Мандавошк

Негорюй
   Большой ташакур Сергею Скрипалю, переведшего этот рассказ из устной формы в письменную.
   
   Огромные извинения женщинам за ненормальность ситуации.
   
   В субботу перед отбоем, когда офицеры разошлись по домам, ко мне подошли бойцы и попросили разрешения телевизор включить. Ну, у нас же учебка - все чинно, благородно. Расселись на табуретках, смотрят.
   Мы с Семой (Ромкой Семеновым) ушли в сержантскую. Достали коньячку, сала и... печенья... Сидим.....Хорошо нам! Вдруг слышим, шум за дверью. Даже не шум, а единый вздох огромного, кончающего в едином ритме, организма. Этакий: аааахххх... ууухххххх... оооооохххххх... Выскакиваем из сержантской.
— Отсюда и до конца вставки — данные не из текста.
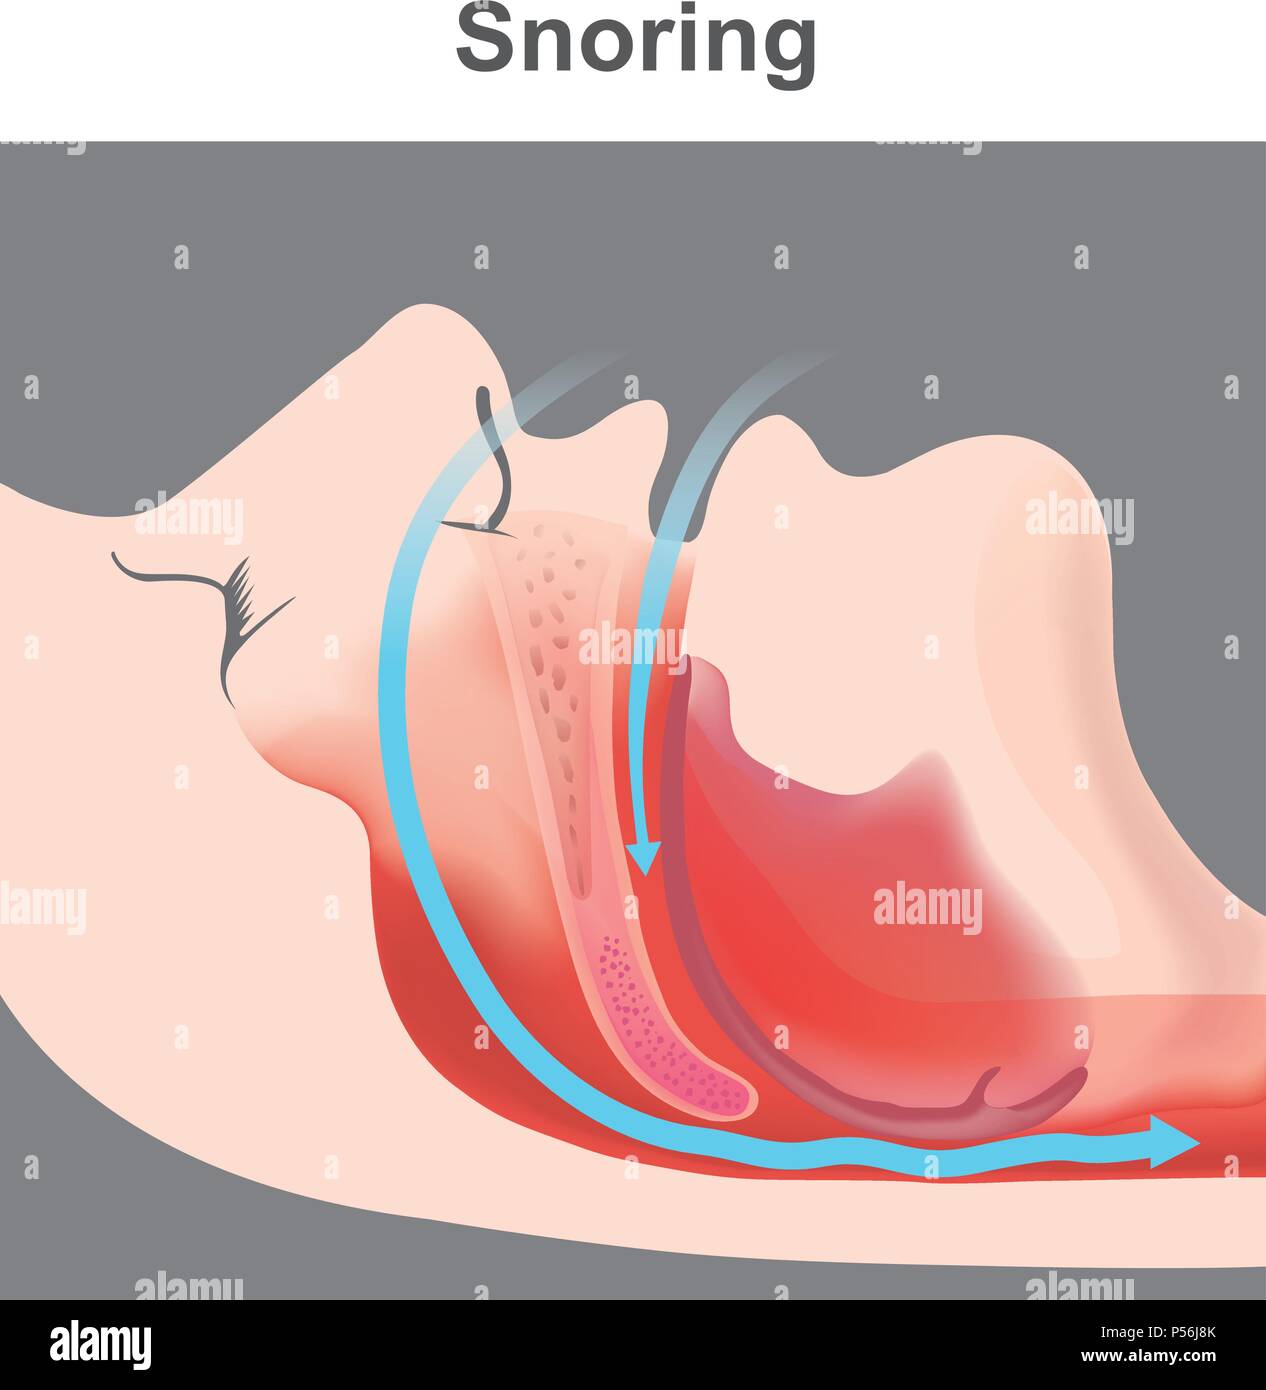 Le ronflement est la vibration de structures respiratoires et le son résultant en raison d'un mouvement d'air obstruées durant la respiration pendant le sommeil. Illustration de Vecteur
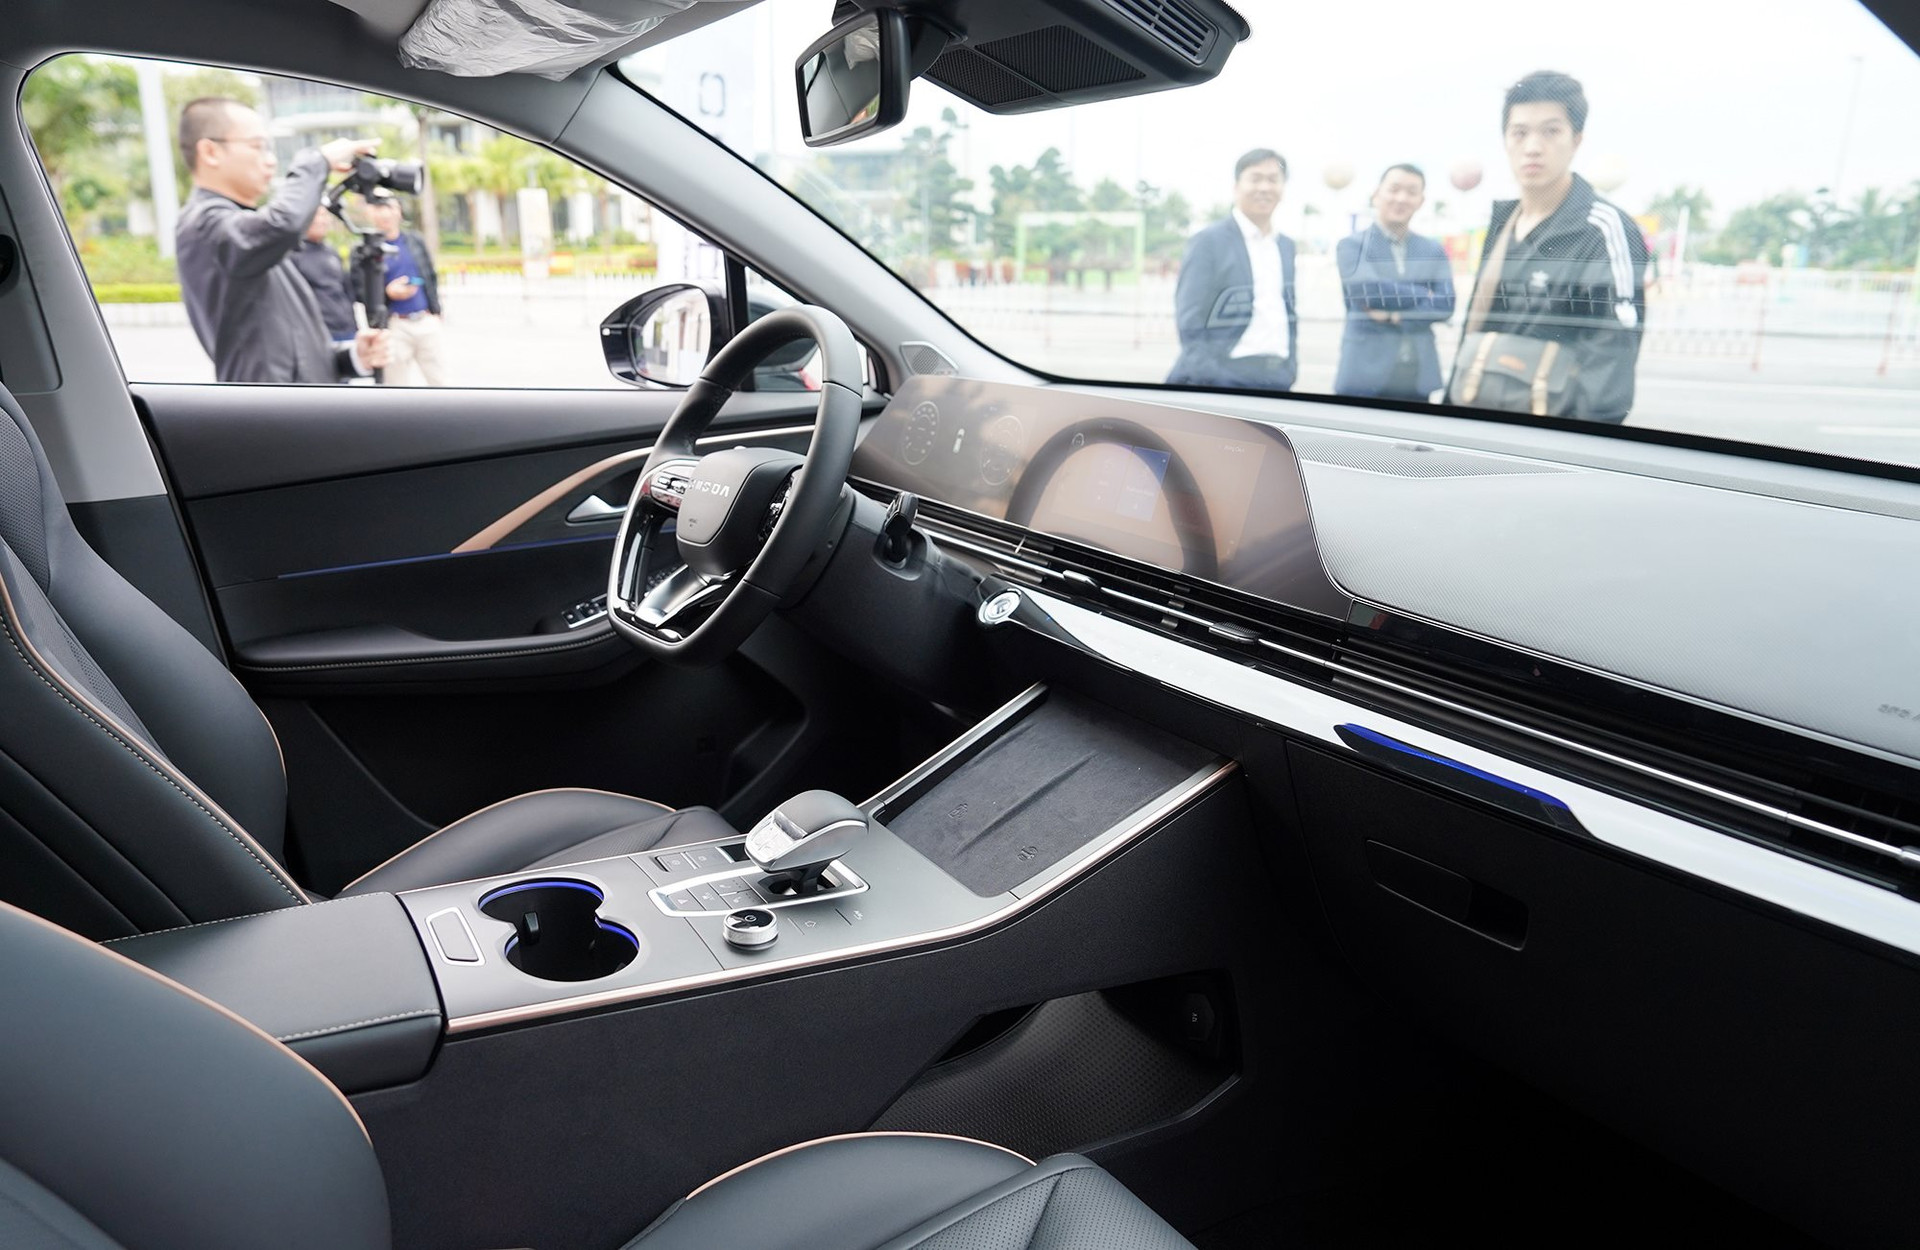 Tương tự nhóm sản phẩm phổ thông, các mẫu xe cao cấp của Trung Quốc sẽ vẫn dựa vào thế mạnh về giá bán, thiết kế chiều thị hiếu và tính năng công nghệ mới.

Бойцы в едином порыве залезают друг другу на плечи, тянутся к телевизору, висящему под потолком.
   С экрана игривая мелодия и голос Наташеньки Ветлицкой, стоящая попой к нам: "Плэйбой, мой герой, мой милый дэнди..." На этой сладкой попе ничего, кроме трусиков стрингов, кружевных, просвечивающеих женским, запретным, сладким и мокрым меж стройных ног.
   Ну, бойцы, сам понимаешь, встать с табуретов могут тока согнувшись. Тут программа "Время", вечерняя поверка, отбой.
   В нашей роте было семь грузинов. Через час после отбоя, когда сон еще и не думал приходить, а всяческие эротические мысли уже вызрели до точки абсолютного кипения, раздался резкий и ритмичный скрип кроватей со второго яруса. Продолжалось это минут двадцать. Слушать было невмоготу. Я только открыл рот, как с кровати Семенова раздался измученный глас:
   - ДОСТАЛИ!!!! КОНЧАЙТЕ ДРОЧИТЬ. В СОРТИР СПРАВА ПО ОДНОМУ БЕГОМ МААААААРШ....
   Утром ко мне пришел здоровенный мингрел по фамилии Гогуия. По его изможденному бессонной ночью и усердной эроразрядкой лицу катились большие, кристально чистые слезы. Голос дрожал, руки тряслись. Нежно обняв меня за талию, он прижался ко мне, положив свой большой нос в ключицу:
   - Тааааарищ сержант, не моооогогу больше! Отпусти в увальнение адын день, да?!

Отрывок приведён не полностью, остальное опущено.